# Honda HS35 Snowblower Stalls



## drayman86 (Dec 23, 2008)

My Honda HS35 single stage snowblower has a funny problem; it stalls after about 10-15 minutes of use. Starts great, idles fine, and runs for this period of time, then the idle drops, the idle becomes erratic (rev down, rev up, rev down, etc), and then it stalls. Wait about 30 sec and with the choke open, she fires right up only to stall again in about a minute or two.

This unit has an automatic throttle. I bought it used, and this is the 8th season I've operated it. 

Any suggestions?

Thanks for reading my thread. :thumbsup:


----------



## paulr44 (Oct 14, 2008)

While quitting when an engine gets hot is _usually_ ignition related, I'm thinking it has a fuel restriction to the carb. Could be as simple as a bad gas cap, not venting as well as it should. If I remember this unit correctly, it has a 4-stroke engine. I've done points and condensor on these, NO PICNIC! EVERYTHING is hard to get at.
What you could do, is test the fuel flow. With a coffee can under the carb., remove the bowl drain screw and let the fuel run out awhile (be sure to be away from any furnace or water heater with flame/spark source!!!), if it slows down and almost stops after awhile, you've found the issue.
Paul


----------



## drayman86 (Dec 23, 2008)

Thanks for the reply, Paul.

I've had a neighbor (who's good with small engines) suggest that it may be a low oil sensor that's gone bad, however I can't seem to locate anything that looks like this on the engine.

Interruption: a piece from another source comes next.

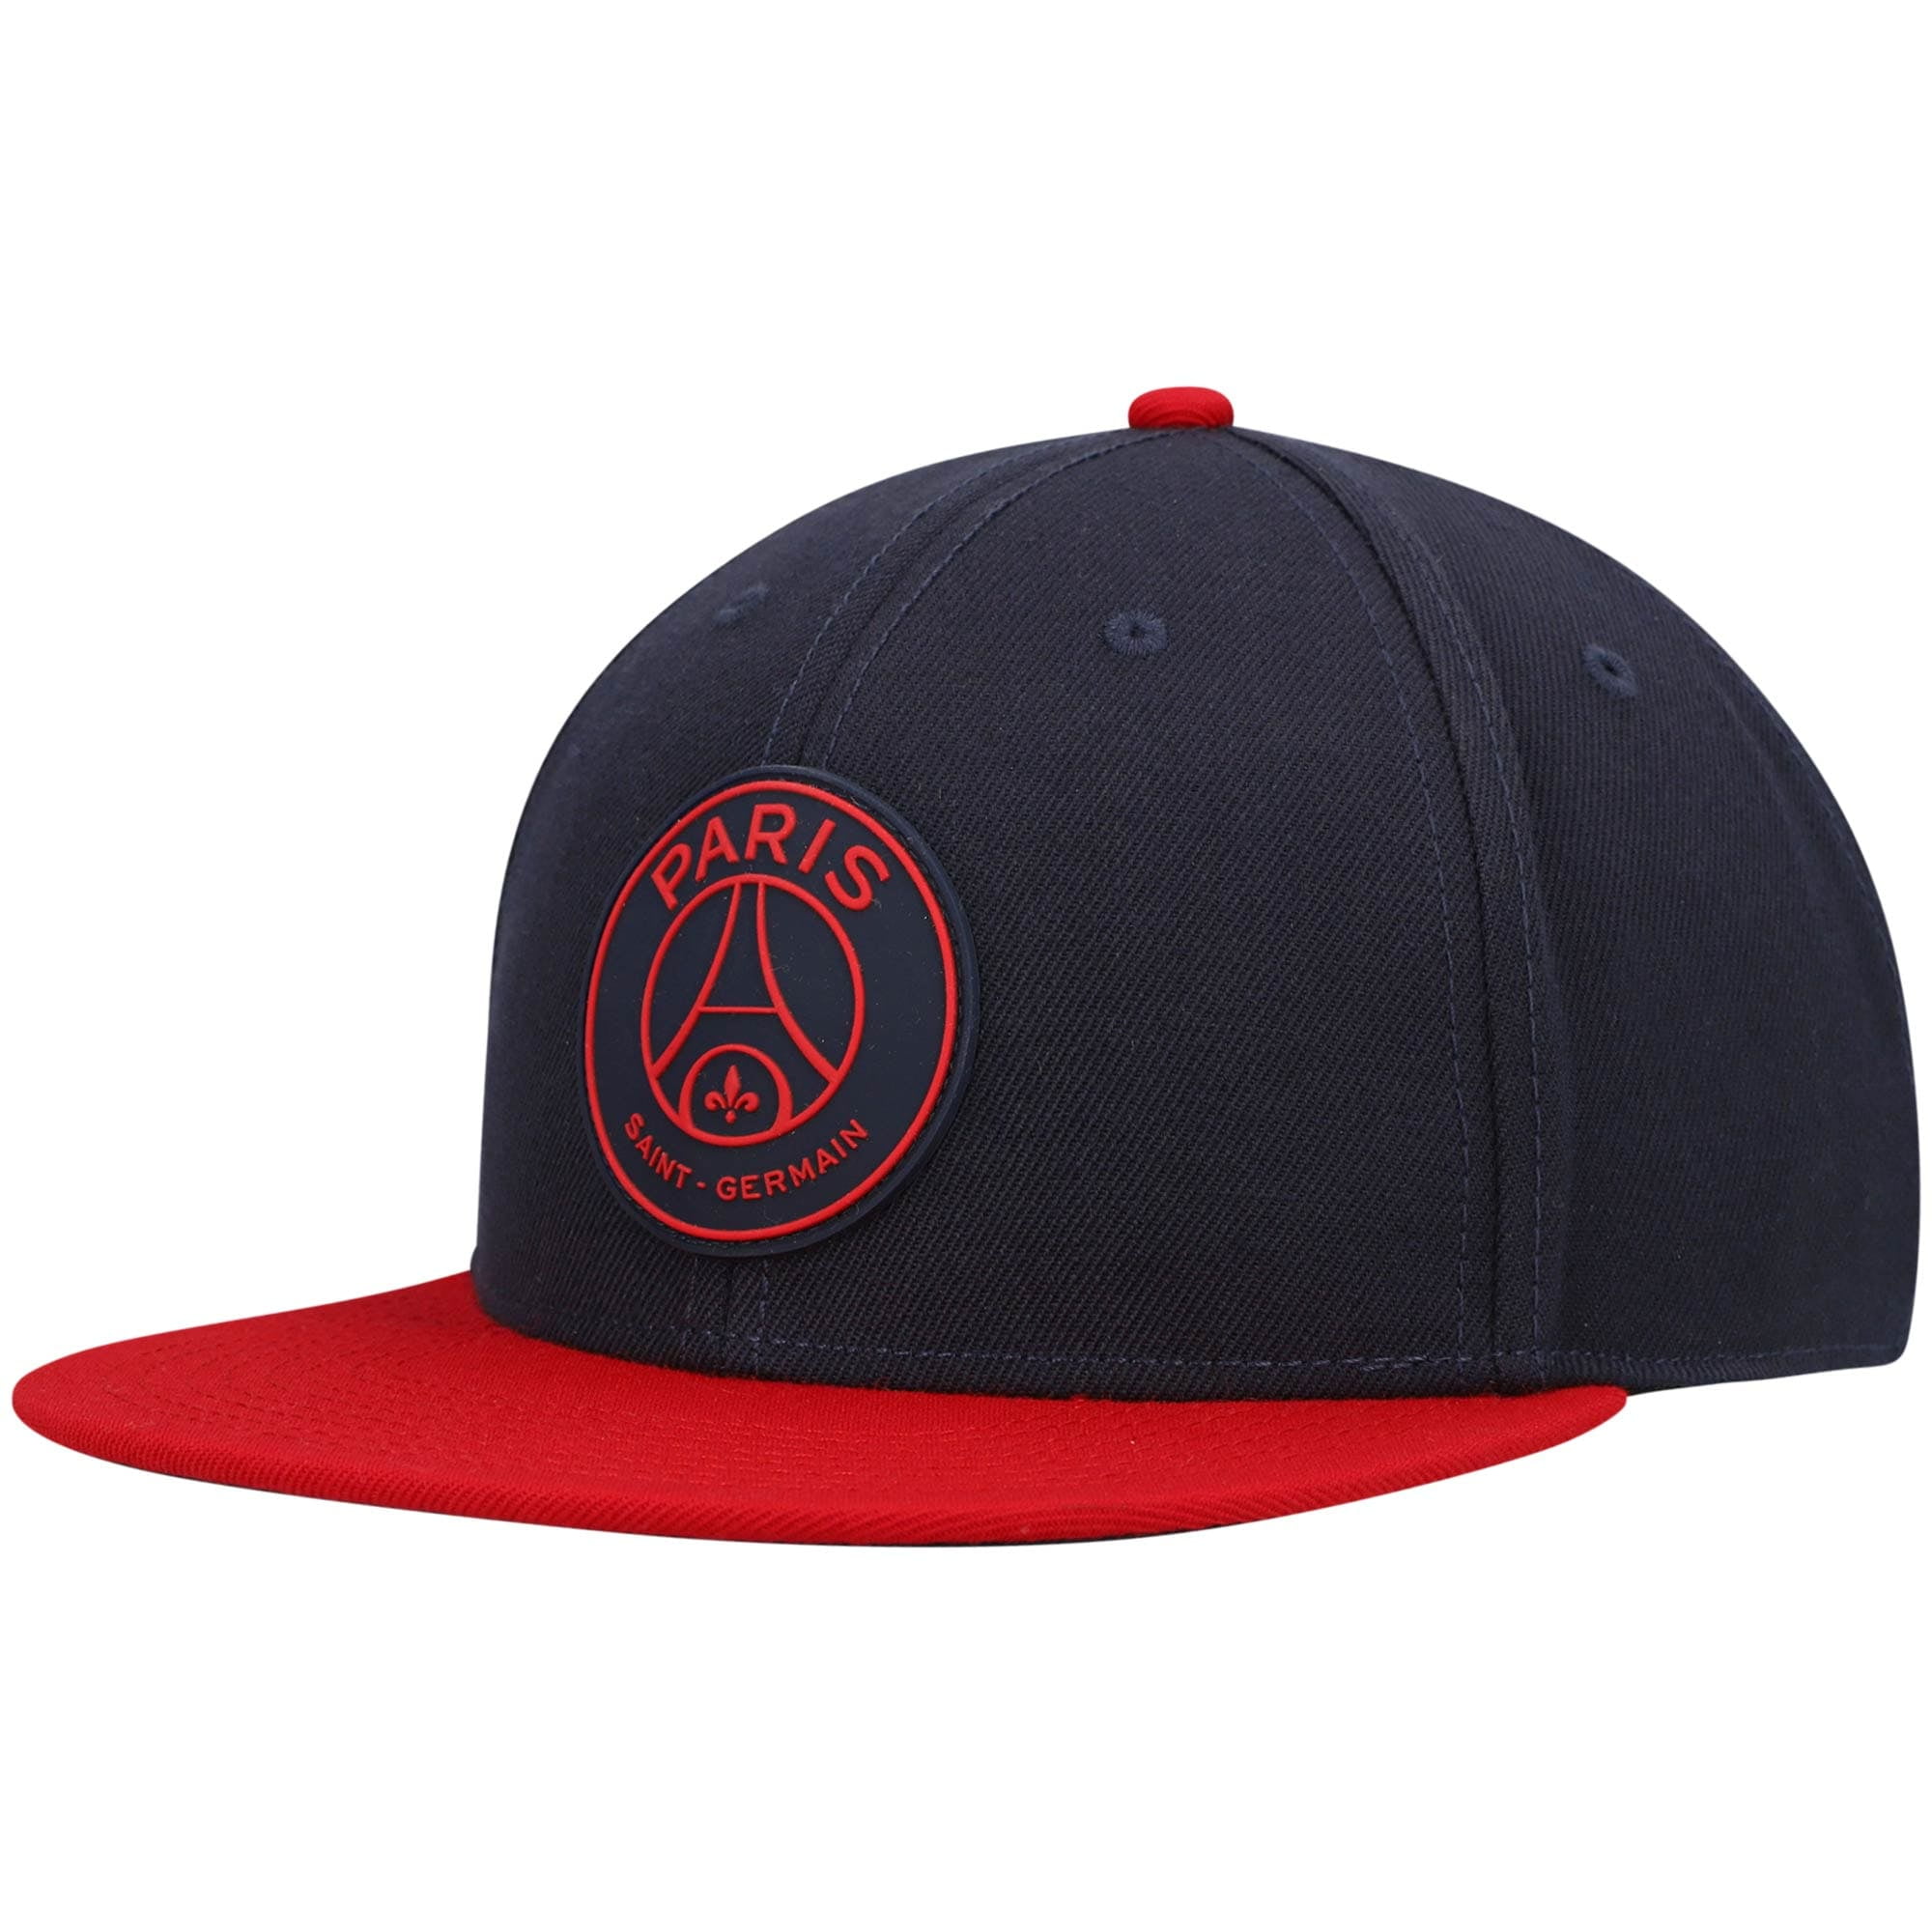 RED Official PSG Idea Gift Adult Paris Saint-Germain Baseball Cap 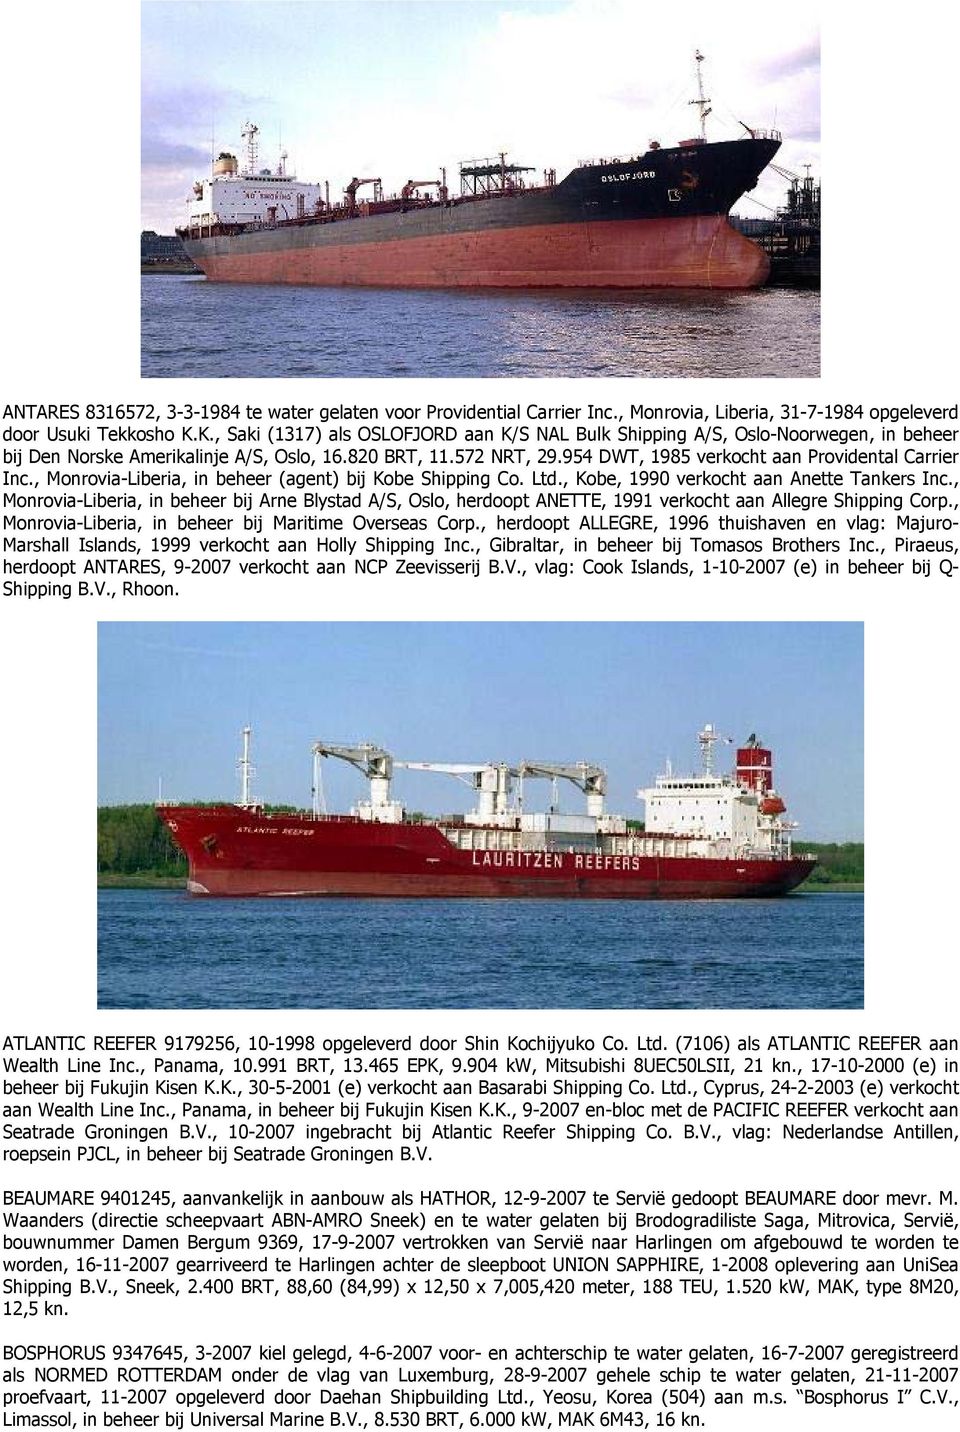 954 DWT, 1985 verkocht aan Providental Carrier Inc., Monrovia-Liberia, in beheer (agent) bij Kobe Shipping Co. Ltd., Kobe, 1990 verkocht aan Anette Tankers Inc.

The fuel cap is the original w/ the gasket. I've owned this particular unit for eight seasons, and it just started w/ this problem near the very end of last season.

I've got the thing essentially disassembled (cowl cover, chute, control knobs, etc.), and have even gotten the coil off. 

Is there any way to test the coil with a multimeter?

I'll try the fuel flow issue later this week.

Thanks again.


----------



## drayman86 (Dec 23, 2008)

*Fuel flow test*

OK, so I just tried the suggested fuel flow test. Fuel DID flow, however so did several (10-12) rust-colored particles. It's been about three years since I've taken the carb off to clean the bowl and jets. I think I'll try to flush the entire carb and fuel system and see where that gets me.

More information: first heavy use of the blower on 12-19-08 saw no problems. Unit ran fine for about two hours of total use over three separate sessions. The next day is when it started with the stalling symptoms described above.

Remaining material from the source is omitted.